A District Court judge in Arkansas has granted a defendant’s motion to dismiss for lack of standing and failure to state a claim in a Fair Debt Collection Practices Act case even though it failed to send a timely validation notice, ruling that am underlying collection lawsuit provided the plaintiff will all the information he needed.
A copy of the ruling in the case of Cheatham v. Adams can be accessed by clicking here.
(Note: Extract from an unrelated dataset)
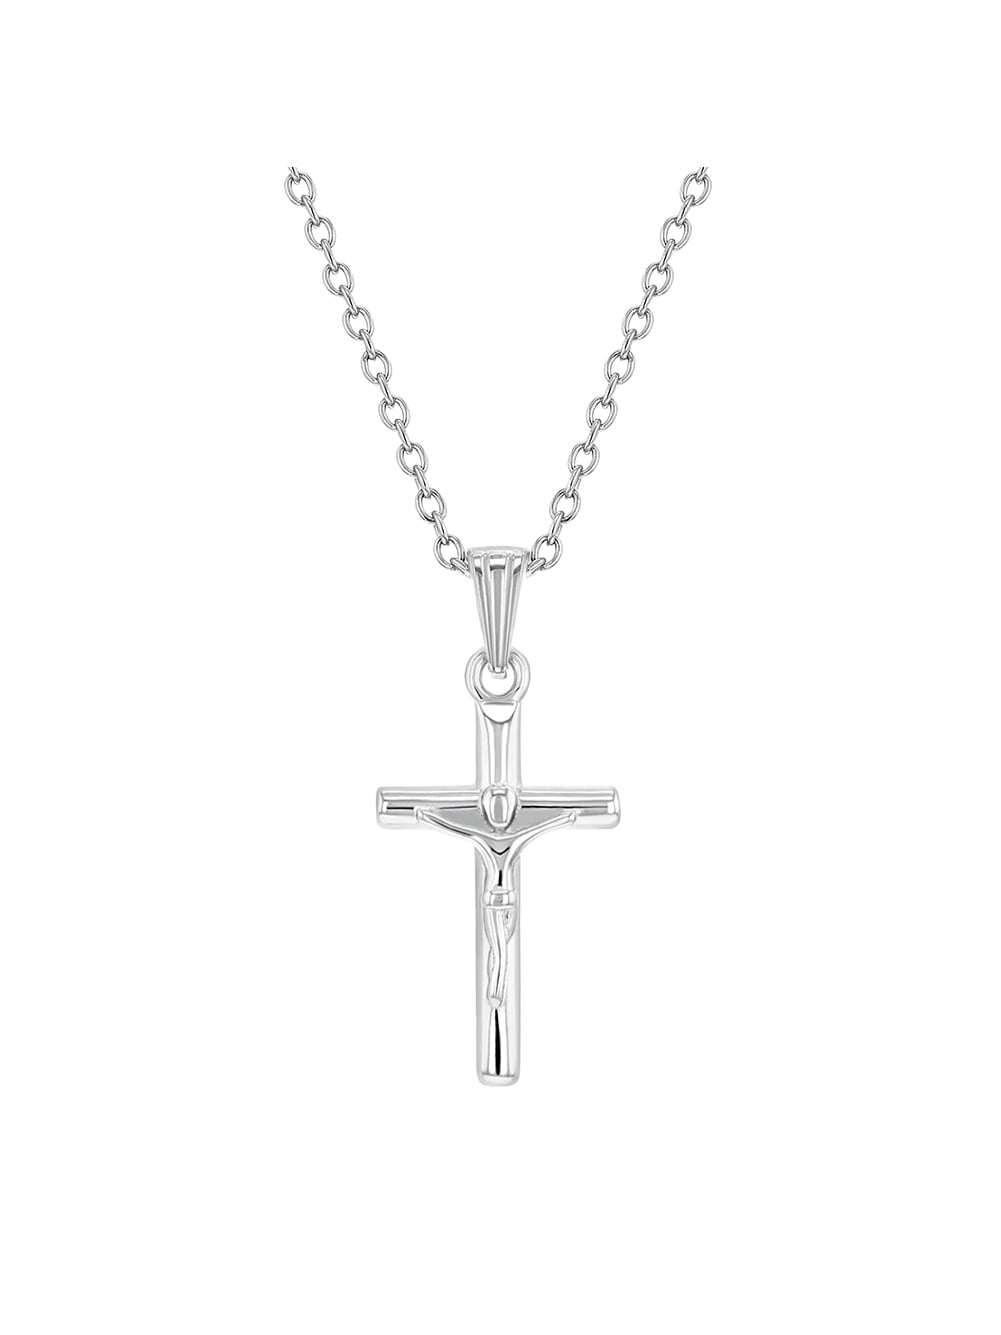 Men Gold Color Cross Necklaces Wholesale Crucifix Pendant Women Jewelry Fashion Jesus Decoration Dress 45cm By 3mm

The plaintiff defaulted on a car loan and surrendered the vehicle, which was sold at auction. The proceeds from the sale did not cover the balance on the auto loan, so the defendant filed a lawsuit against the plaintiff in state court to obtain a deficiency judgment. Ultimately, the plaintiff prevailed in his suit and the debt was deemed unenforceable and he was awarded attorney’s fees. The plaintiff then turned around and sued the collection attorney for violating the FDCPA because, when the defendant sent an email to the plaintiff’s attorney with responses to discovery requests, that constituted an initial communication under the FDCPA, which meant that the defendant also had to send the verification rights notice, something that she did not do.
The defendant sought a motion to dismiss, arguing the plaintiff did not suffer a concrete injury as a result of the omission. As Judge Lee Rudofsky of the District Court for the Eastern District of Arkansas notes, the plaintiff took “several swings” at establishing standing, but ultimately “str[uck] out.”
Looking at the Supreme Court rulings in Spokeo v. Robins and TransUnion v. Ramirez, Judge Rudofsky could not buy the plaintiff’s argument that he had standing to sue. After all, the plaintiff won the state court collection lawsuit — the debt was legally erased and his attorney’s fees were covered. What harm did the plaintiff suffer?
Ultimately, the plaintiff received the information required under the FDCPA, but just not in the format that the FDCPA lays out. The complaint in the state court collection lawsuit contained the amount owed and the name of the creditor, as well as a copy of the original contract, Judge Rudofsky noted.
“By the time the alleged violation occurred, Mr. Cheatham had hired an attorney, filed an Answer, and sent discovery requests to Ms. Adams,” Judge Ruofsky wrote. “No matter how favorably one reads his Complaint, his allegations make it impossible to believe that Mr. Cheatham was unaware that Ms. Adams was a debt collector.”
Not receiving the information in the format prescribed by the FDCPA did not harm the plaintiff in any way, the judge ruled. The plaintiff did not pay a debt he did not owe nor did he lose any money paying an attorney to defend himself against a debt he did not owe.
“In sum, Mr. Cheatham is not alleging that he did not receive the actual information required by the FDCPA,” Judge Rudofsky wrote. “His Complaint shows only that he got it ‘in the wrong format’ or at the wrong time. Without ‘downstream consequences,’ this is not a concrete injury. Without a concrete injury, Mr. Cheatham does not have standing.”